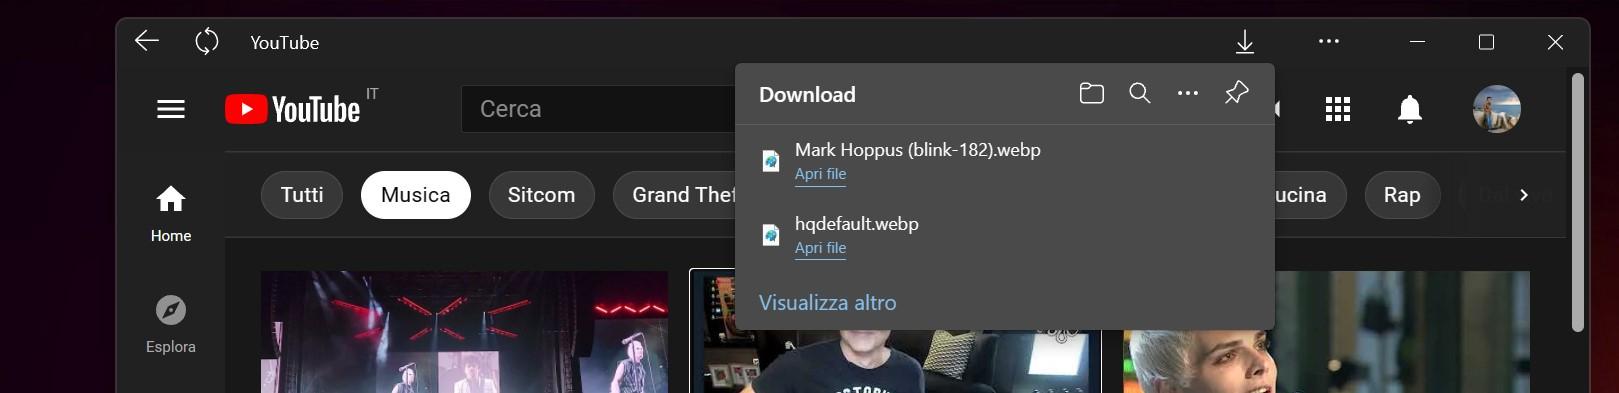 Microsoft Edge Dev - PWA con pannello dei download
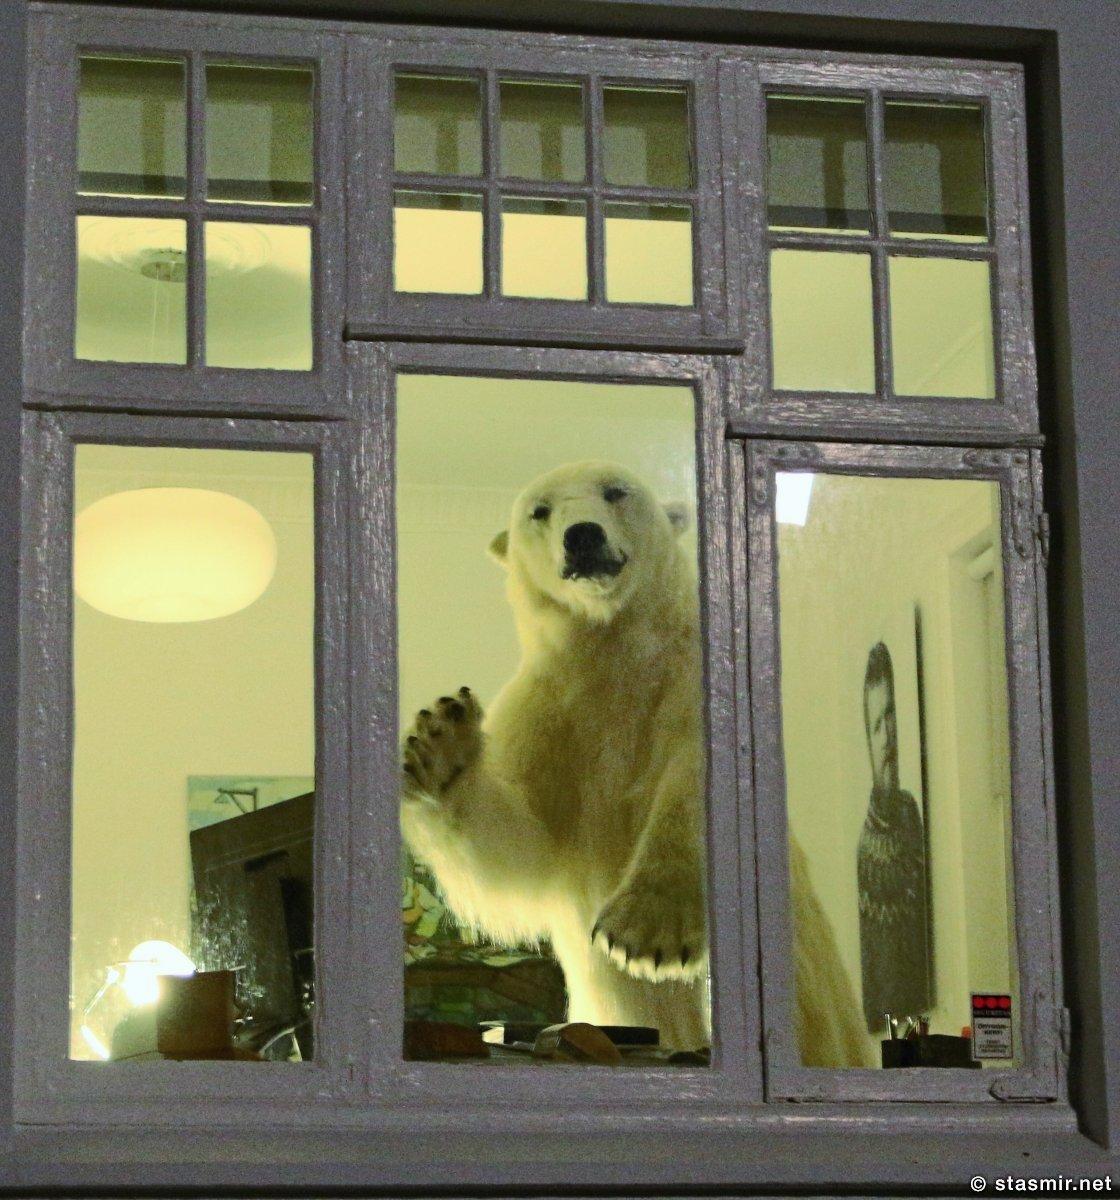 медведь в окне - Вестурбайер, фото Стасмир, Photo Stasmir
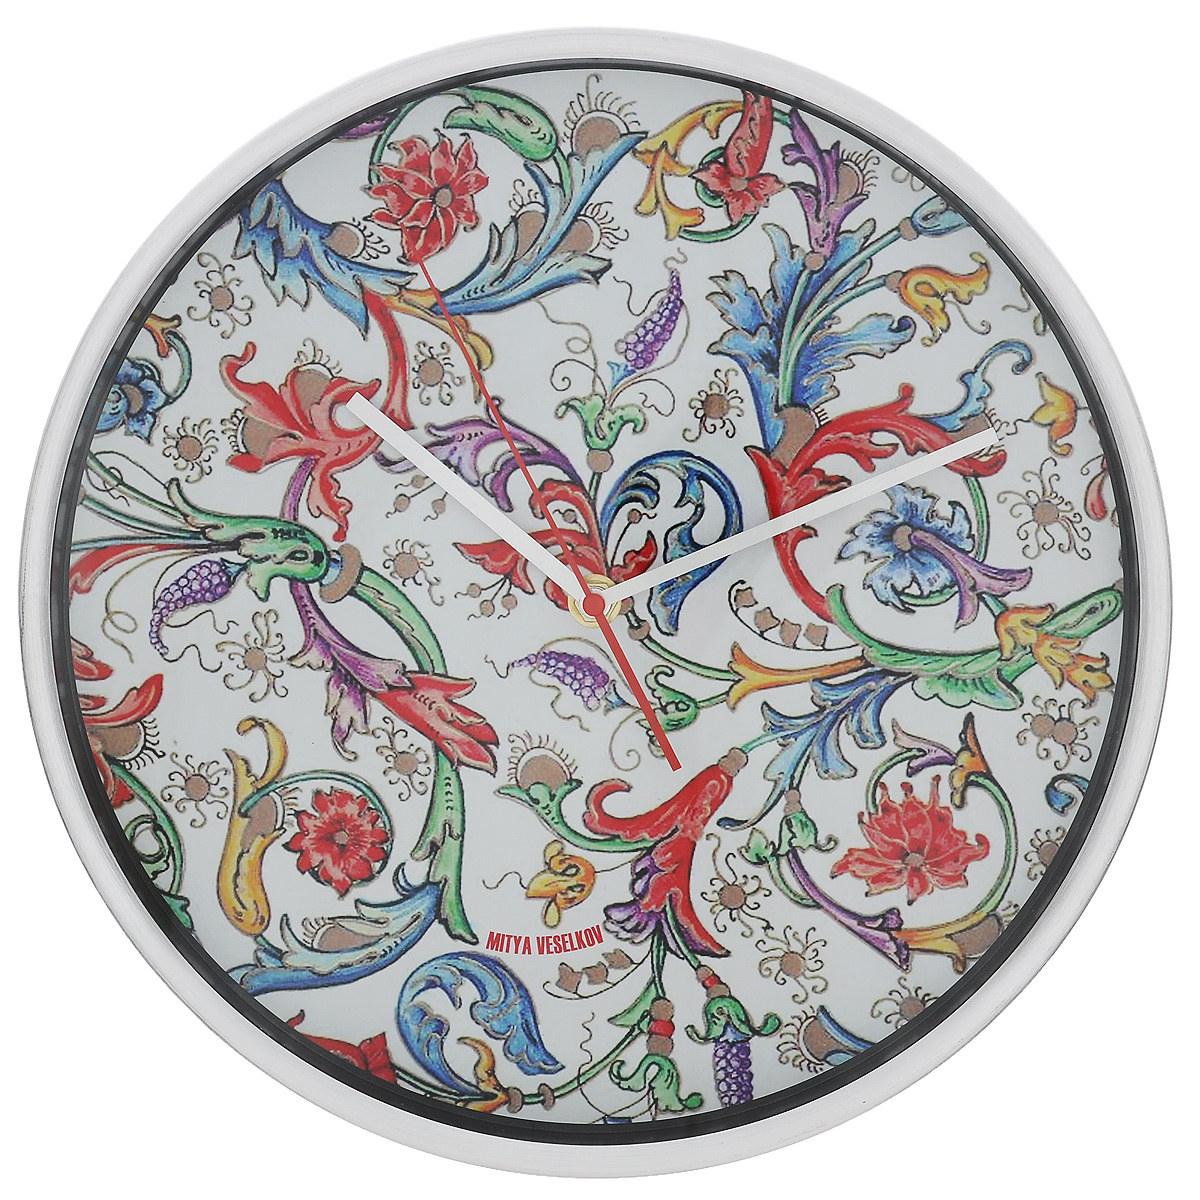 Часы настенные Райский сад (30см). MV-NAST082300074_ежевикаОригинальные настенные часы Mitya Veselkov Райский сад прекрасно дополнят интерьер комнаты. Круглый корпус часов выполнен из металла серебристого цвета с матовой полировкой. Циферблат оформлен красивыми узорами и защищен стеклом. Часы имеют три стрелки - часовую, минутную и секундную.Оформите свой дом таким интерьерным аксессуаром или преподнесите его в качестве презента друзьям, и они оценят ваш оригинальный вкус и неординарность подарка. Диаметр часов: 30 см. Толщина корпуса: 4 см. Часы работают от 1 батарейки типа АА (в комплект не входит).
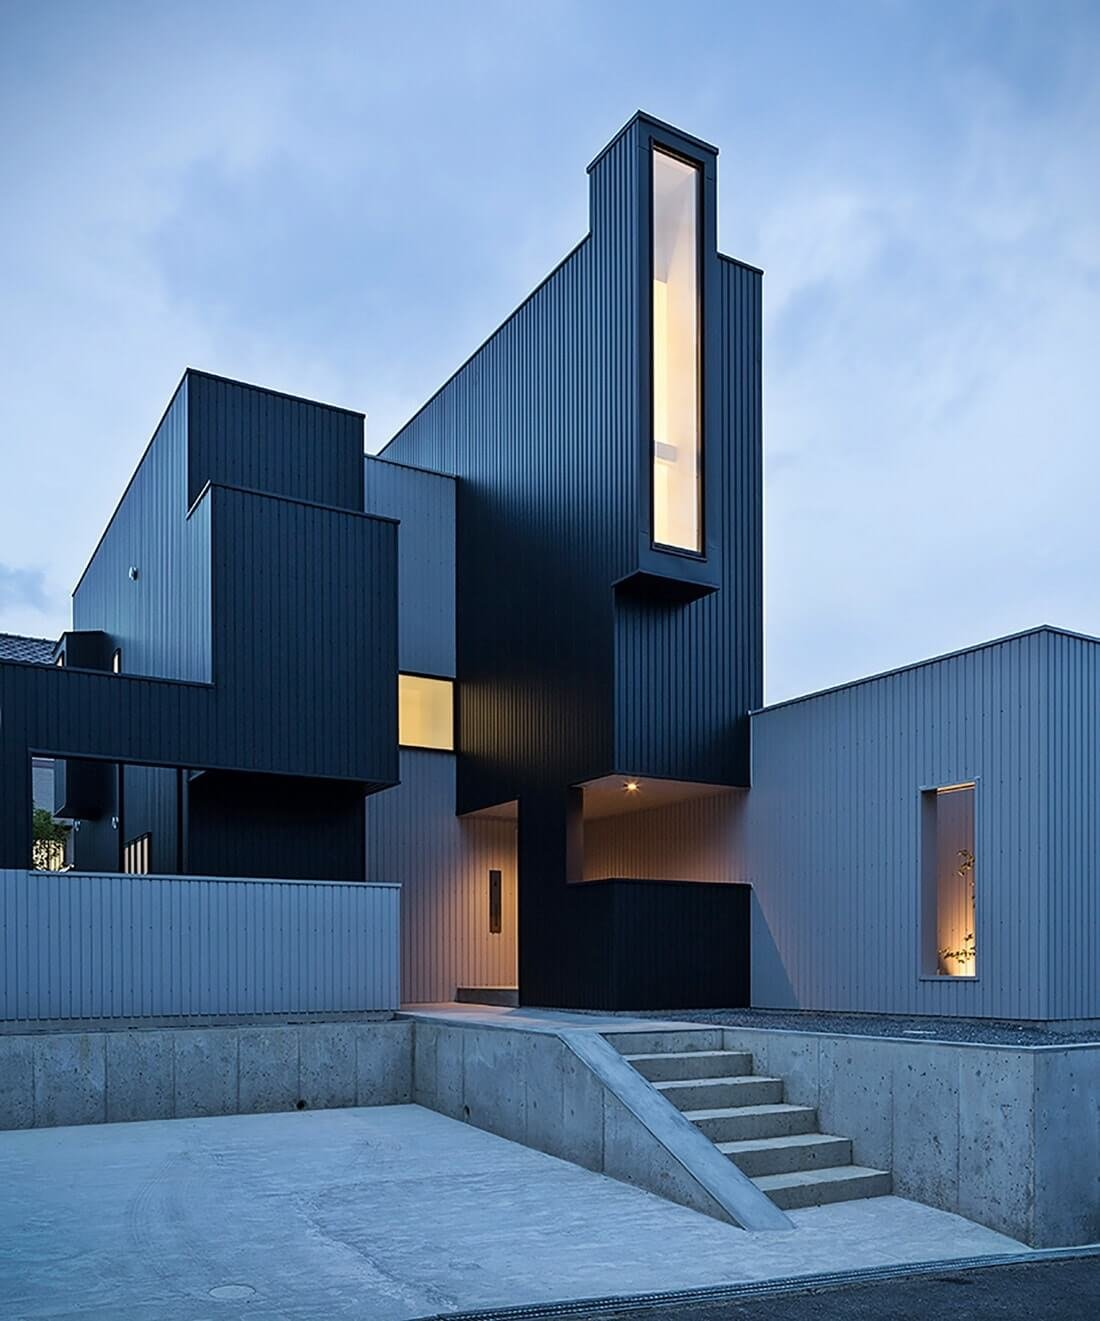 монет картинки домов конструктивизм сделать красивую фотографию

- - - - - - -

* [EXERCISE GOAL]:
Your answer should contain only the lines from the beginning of the listing above through the line with "медведь в окне", copied exactly and without the pictures.

* [ANSWER SECTION]:
 Microsoft Edge Dev - PWA con pannello dei download
 медведь в окне - Вестурбайер, фото Стасмир, Photo Stasmir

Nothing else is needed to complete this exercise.